Note: CDS, coding sequence; MW, molecular weight; pI, isoelectric point; GRAVY, grand average of hydropathy; LF, Least fractionated subgenome; MF1, medium fractionated subgenome; MF2, more fractionated genome.

Conserved domain analysis of the CLC family genes in Brassica species

To characterize the conserved motifs in the CLC gene family, the MEME program was used to align the protein sequences of the CLC family genes. As shown in Fig 4, the CLC family genes were divided into three groups according to the classification of their conserved motifs. Group 1 comprised five subfamilies, namely CLCa, CLCb, CLCc, CLCd, and CLCg, which contained all of the 10 motifs predicted (S1A Fig). The CLCf and CLCe subfamilies were clustered in Group 2 and Group 3, respectively, and only four motifs were found in these two groups. All the CLC genes of Brassica species contained Motifs 4/7/10 (S1B Fig), demonstrating that these three motifs are highly conserved and might be used as markers for the identification and characterization of CLC genes in these crops. To further characterize these three highly conserved motifs, their short amino acid sequences were analyzed in WebLogo.

Fig 4. Characterization of the conserved motifs in the CLC proteins in A. thaliana and Brassica crops (B. rapa, B. oleracea and B. napus).

Conserved motifs were predicted by the MEME program. The boxes with different color represent different conserved motifs, and the gray lines indicate non-detected motifs in the CLC family genes.
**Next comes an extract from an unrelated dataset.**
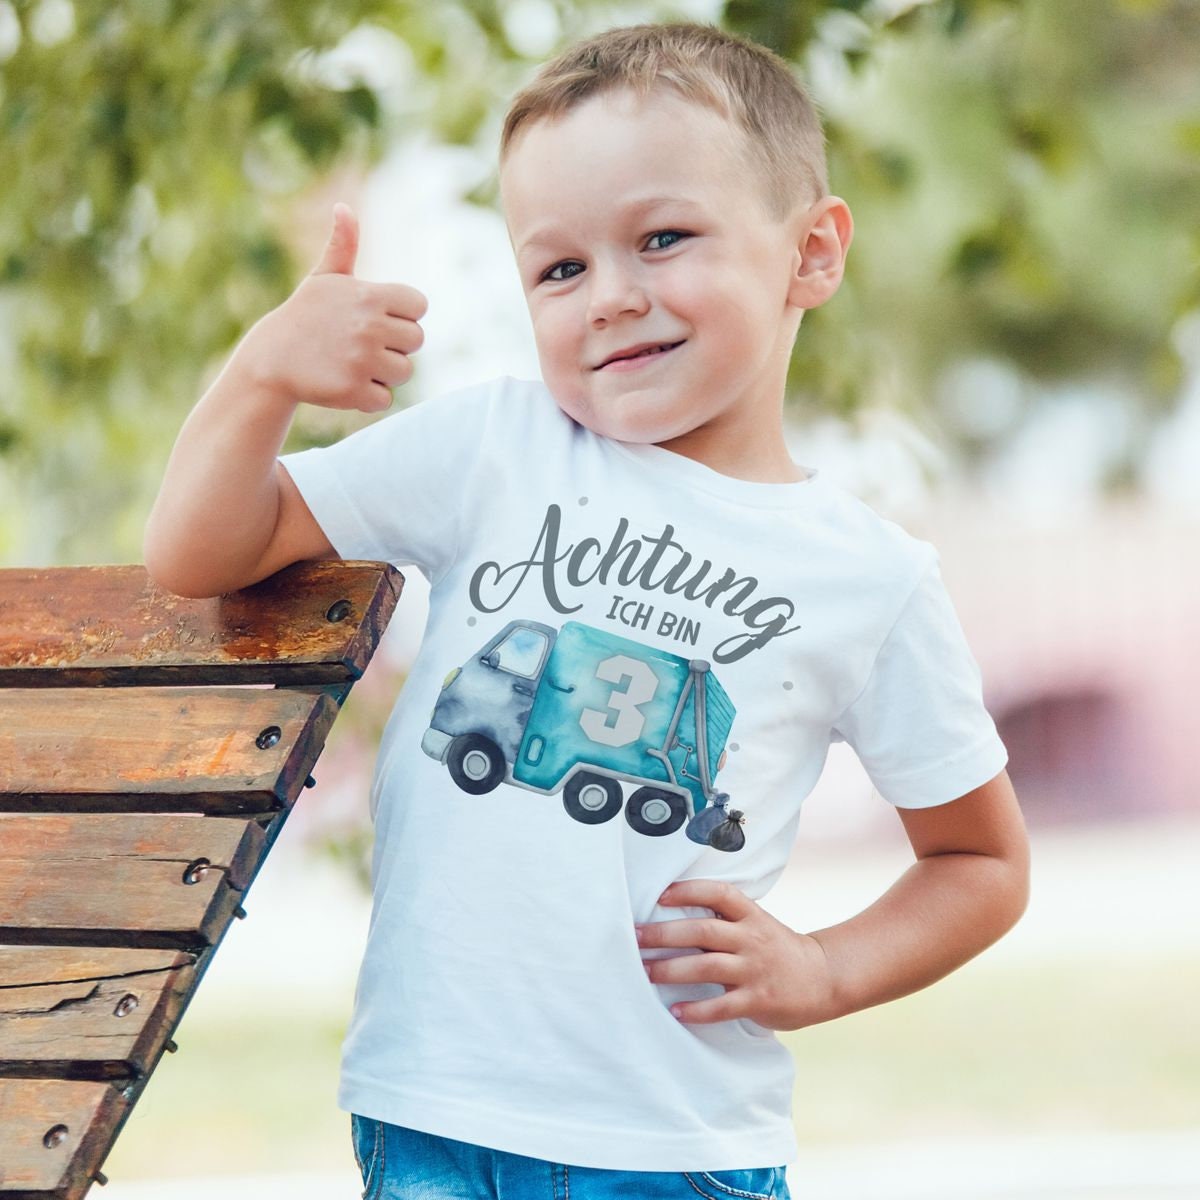 Kinder T-Shirt for Sale mit Müllabfuhr Müllauto Müllwagen von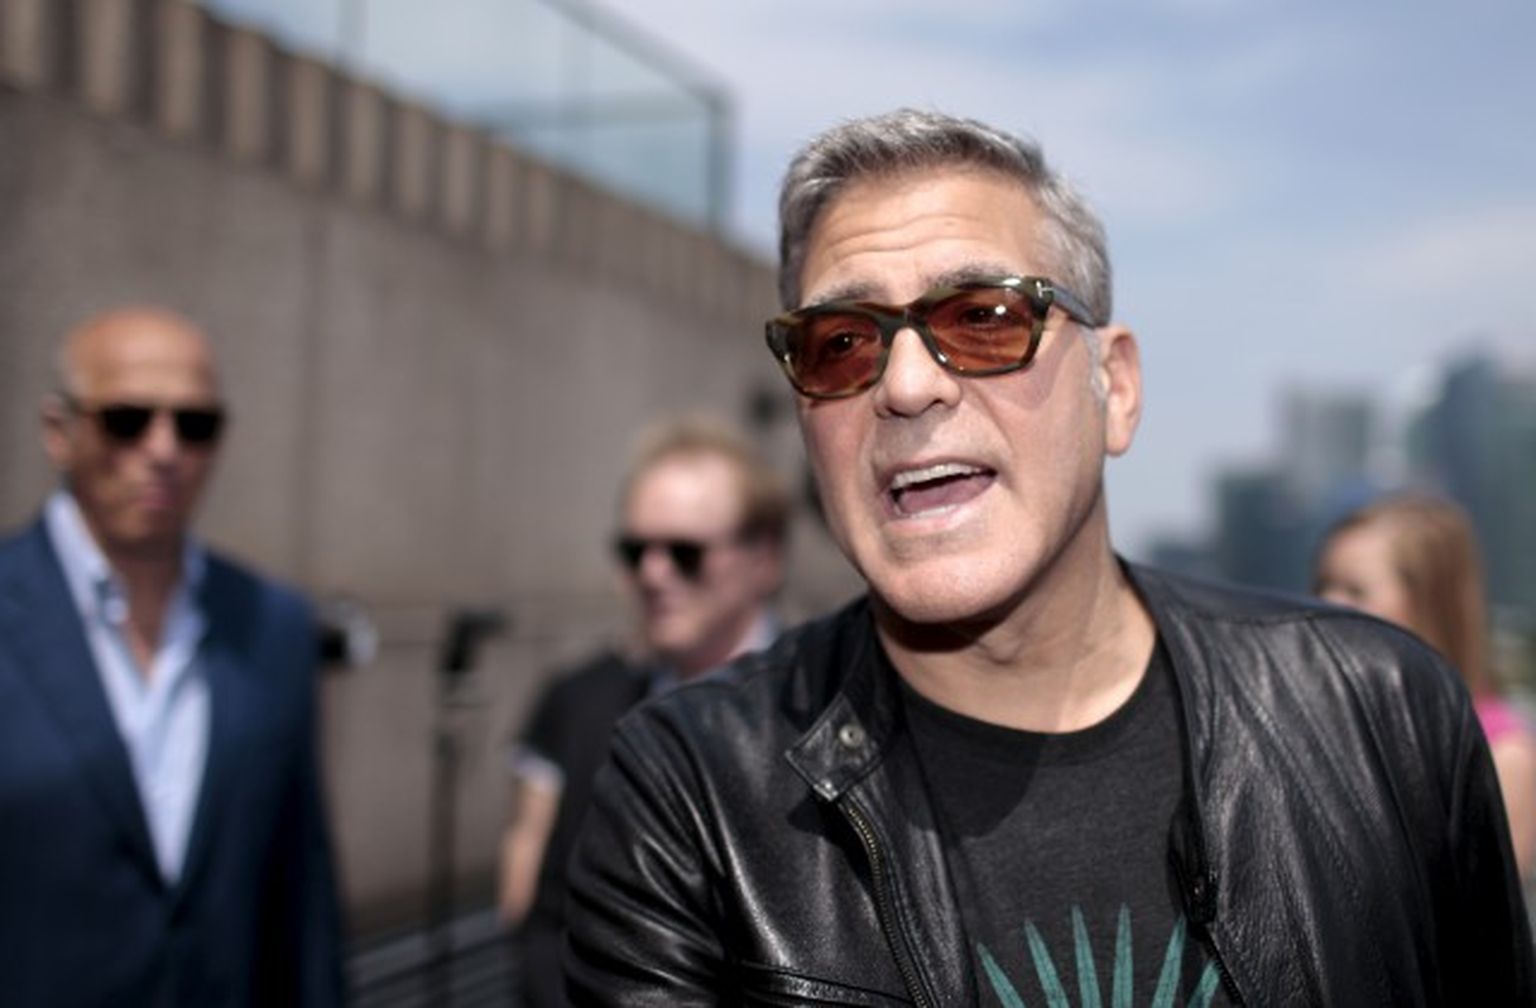 Džordžs Klūnijs (George Clooney) filmas "Rītdienas zeme" ("Tomorrowland") pirmizrādē Šanhajā

Physicochemical characteristics of the CLC family genes and proteins in Brassica species

As shown in Table 1, the full-length CDS of the CLC genes in Brassica species range from 2,103 bp (BraA1.CLCe) to 3,096 bp (BolC1.CLCe), with deduced proteins of 700 to 1,031 amino acids. The predicted MWs ranged from 74.03kDa (BraA1.CLCe) to 110.71 kDa (BolC1.CLCe), which coincided with protein sizes. The pIs of the CLC proteins varied from 5.18 to 8.86, but most were above 7.0; exceptions were CLCe and CLCf. Half of the CLC proteins (23) showed instability indices (IIs) < 40.0, whereas the other half presented weak stabilities with IIs > 40.0. The GRAVY values of all CLCs, defined as the hydropathy values of all amino acids divided by the protein length, ranged from 0.019 (BnaC6.CLCf-1) to 0.468 (BnaA8.CLCg-2), indicating that all CLC genes in Brassica species are hydrophobic. Most of the CLC genes showed similar physicochemical parameters, except for the CLCf subfamily, whose GRAVY value was lower than 0.1.

Evolutionary selection pressures on the CLC proteins of Brassica species

The Ks and Ka values are used to explore the mechanism of gene divergence after duplication [56]. To reveal the selective forces acting on the CLC proteins in Brassica species, we calculated the Ka/Ks for orthologous CLC gene pairs between the genomes of Brassicas pecies and A. thaliana. Generally, Ka/Ks > 1.0 indicates positive selection, Ka/Ks = 1.0 denotes neutral selection, and Ka/Ks < 1.0 shows negative or purifying selection [56]. As shown in Fig 5A–5C and S2 Table, the Ka/Ks ratios of the CLC genes in Brassica species were < 0.3. This suggested that a strong purifying selection pressure might have acted on the CLC genes of Brassica species to maintain gene function. To further investigate the functional divergence of BnaCLCs, the DIVERGE 3.0 program was used to estimate the type-II functional divergence (for eight or more homologs) of the BnaCLC homologs mainly located in the tonoplast. The coefficient of type-II functional divergence, θ_II, represents the level of gene functional divergence; it equals 0 when there is no type-II functional divergence and it equals 1 when divergence is very strong [57]. The results revealed that BnaCLCa, BnaCLCb, and BnaCLCc experienced a relatively strong functional divergence, as all of their θ_II coefficients were >0 (Fig 5D).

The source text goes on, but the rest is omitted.